In solutions containing a certain concentration of CTAB (below critical micelle concentration in water, CMC = 0.92–1.0 mM) [54,55], its long hydrophobic tails are attracted to the hydrophobic surface of the CPT-BDD through the hydrophobic interaction. On the other hand, according to an accepted adsorption scenario [[56], [57], [58], [59], [60]], small molecules with a low solubility like favipiravir may be interacted with adsorbed surfactant aggregates on the electrode surface, by an interaction mechanism very similar to the classical micellar solubilisation observed above the equilibrium CMC. As shown in the previous sections, favipiravir can be adsorbed on the surface of CPT-BDD when it is alone. However, in the presence of CTAB molecules, there is an enhancement of its surface concentration. This can be explained by the fact that a large part of the adsorption is the solubilisation of the favipiravir molecule inside surfactant aggregates. This phenomenon has been referred to as coadsorption. In some cases, the hydrophobic solute molecule normally is not adsorbed by the solid surface in the absence of surfactant but is adsorbed when a surfactant molecule is adsorbed, which is called adsolubilization. In general, the medium pH, the ionic strength of the aqueous phase, the surfactant and solute structures play an important role on the coadsorption/adsolubilization-oriented processes [58]. Reported studies have demonstrated that especially the hydrophobic tail length of surfactants (from C12 to C18) significantly affects the coadsorption/adsolubilization capacity of surfactant surface aggregates [61]. Both of these interaction mechanisms have recently found many applications in pharmacology (drug carrier targeting), engineering (chromatographic separation), materials science (surface modification), and environmental science (wastewater treatment).

Based on this fact, it is expected an adsorption of CTAB and subsequent coadsorption of favipiravir onto the surface of CPT-BDD, resulting in an increase in analytical signal of favipiravir.
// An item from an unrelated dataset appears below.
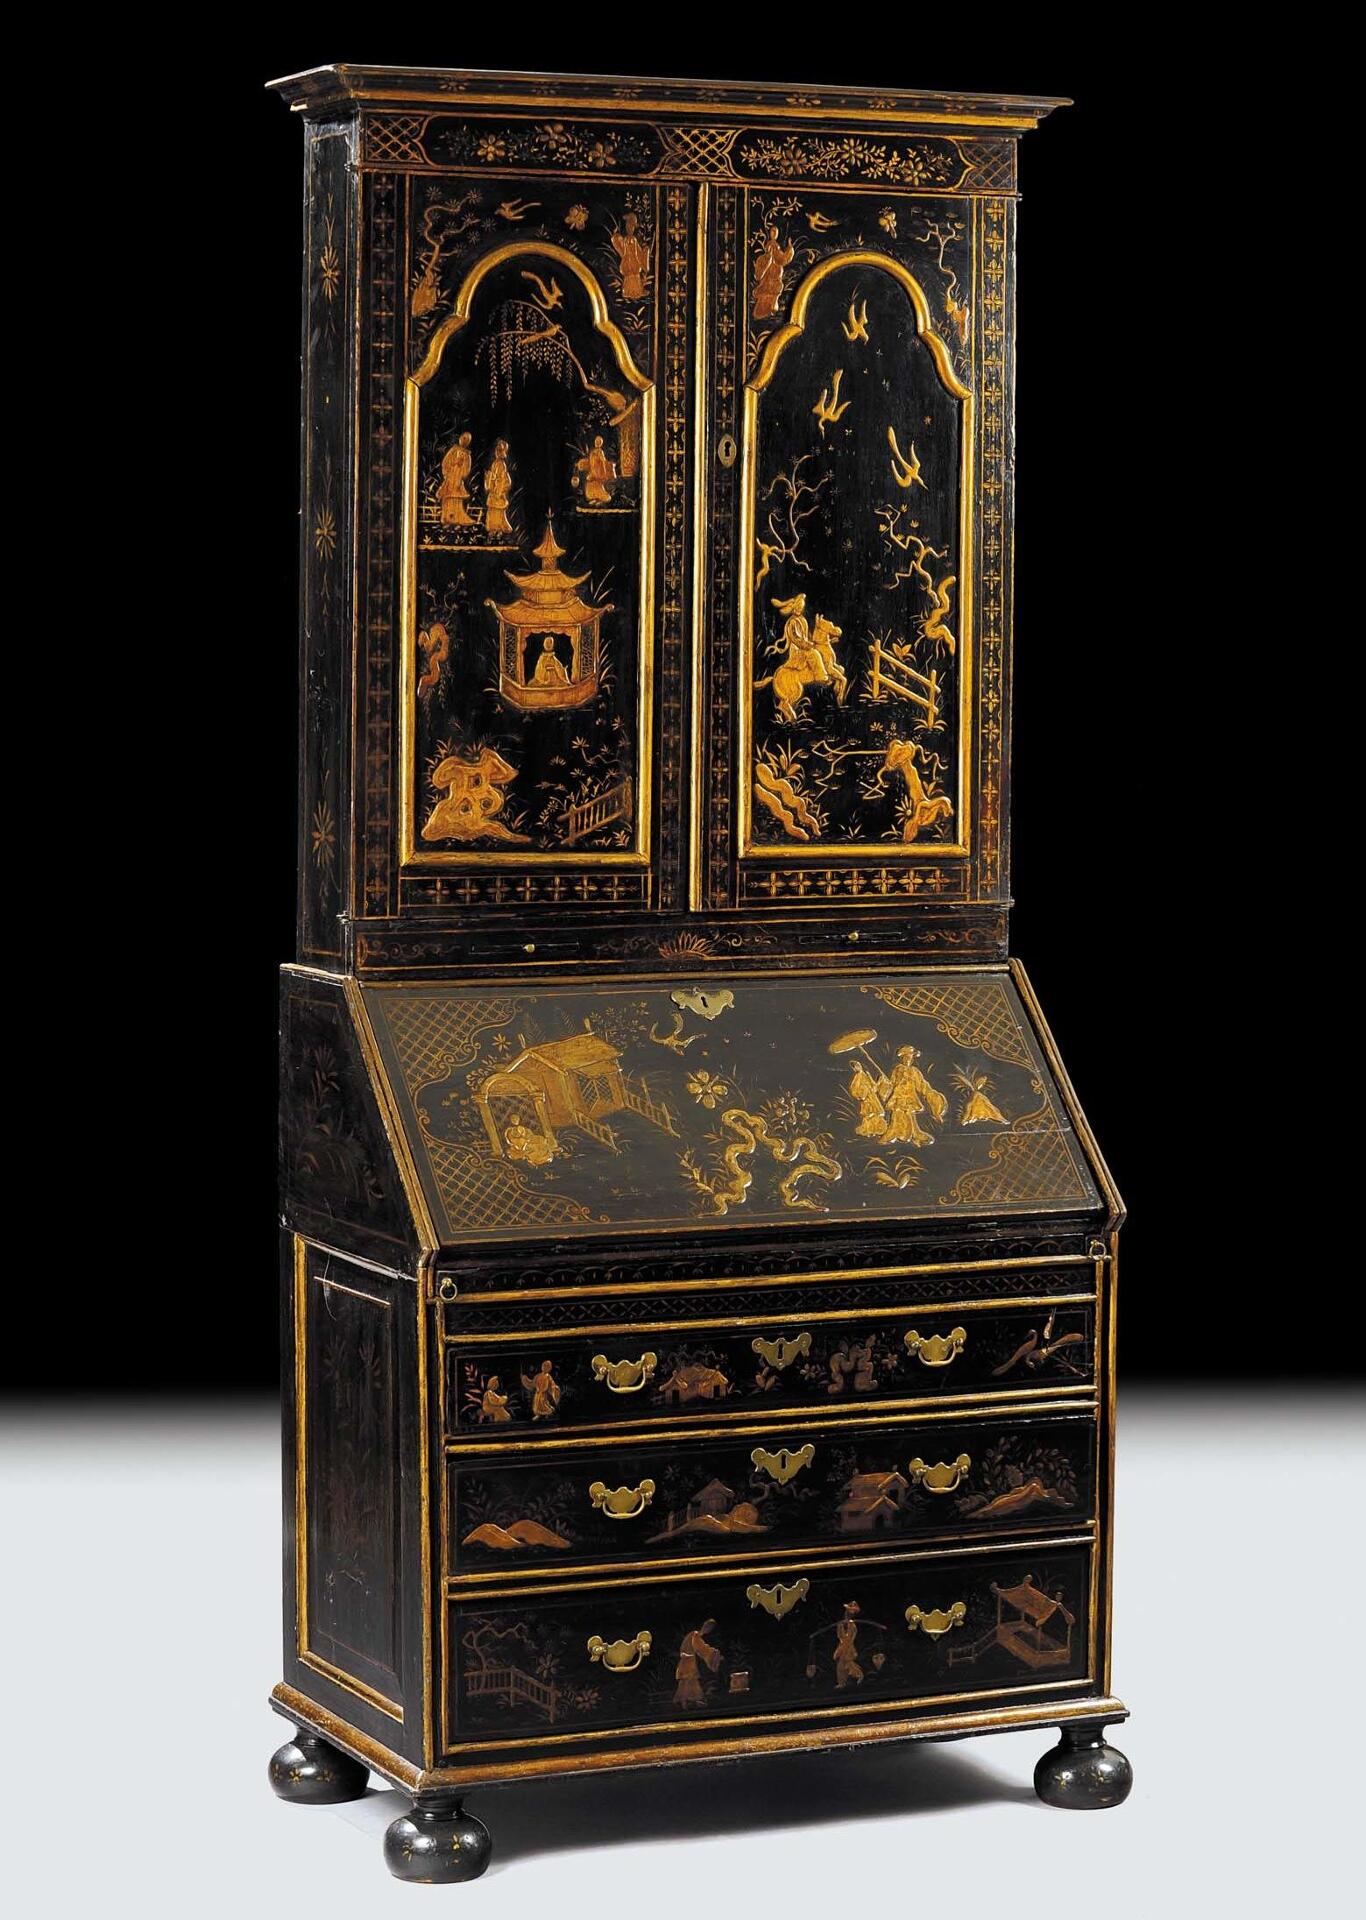 trumeau secretaire costruito in stile classico 600 veneziano a cineserie decorazaione di lusso made in italy riproducibile su misura

3.2. Quantification of favipiravir in the presence of CTAB

3.2.1. Analytical performance evaluation

Using the previously optimized experimental and operating conditions, the applicability of the CPT-BDD in combination with AdSV technique was tested by plotting the peak current against favipiravir concentration. Fig. 6 A and B depicts the respective stripping voltammograms recorded for additions of aliquots of standard solution (in triplicate) containing increasing concentrations of favipiravir. The corresponding analytical curves with the obtained linear relationship between oxidation peak current and concentration of favipiravir are presented in the insets of Fig. 6. It is seen from the figure that the calibration graph consists of two linear segments, from 0.01 to 0.1 μg mL⁻¹ (6.4 × 10⁻⁸‒6.4 × 10⁻⁷ M), and from 0.1 to 20.0 μg mL⁻¹ (6.4 × 10⁻⁷‒1.3 × 10⁻⁴ M) with good linearities. The related analytical parameters regarding the both segments of analytical curve are summarized in Table 1 . The observation of the two linear segments may be a result of the adsorption effect that can occur in the presence of higher favipiravir concentration levels at the electrode surface. Therefore, the slope value and hence the sensitivity corresponding to the second linear segment was much lower than that recorded for the first linear segment. Moreover, it is clearly shown from Fig. 6B that the increase in concentration caused the potentials to shift slightly to more positive values.

Fig. 6.

SW stripping voltammograms for favipiravir levels of (1–5) 0.01, 0.025, 0.05, 0.075 and 0.10 μg mL⁻¹ (A), and (1–10) 0.1, 0.25, 0.5, 1.0, 2.5, 5.0, 7.5, 10.0, 15.0 and 20 μg mL⁻¹ (B) in BR buffer solution at pH 8.0 containing 6 × 10⁻⁴ M CTAB. Inset shows the corresponding calibration plot for the quantitation of favipiravir. The other operating conditions as indicated in Fig. 5.

Table 1.

Analytical parameters for the determination of favipiravir in BR buffer, pH 8.0 + 6 × 10⁻⁴ M CTAB using by SW-AdSV.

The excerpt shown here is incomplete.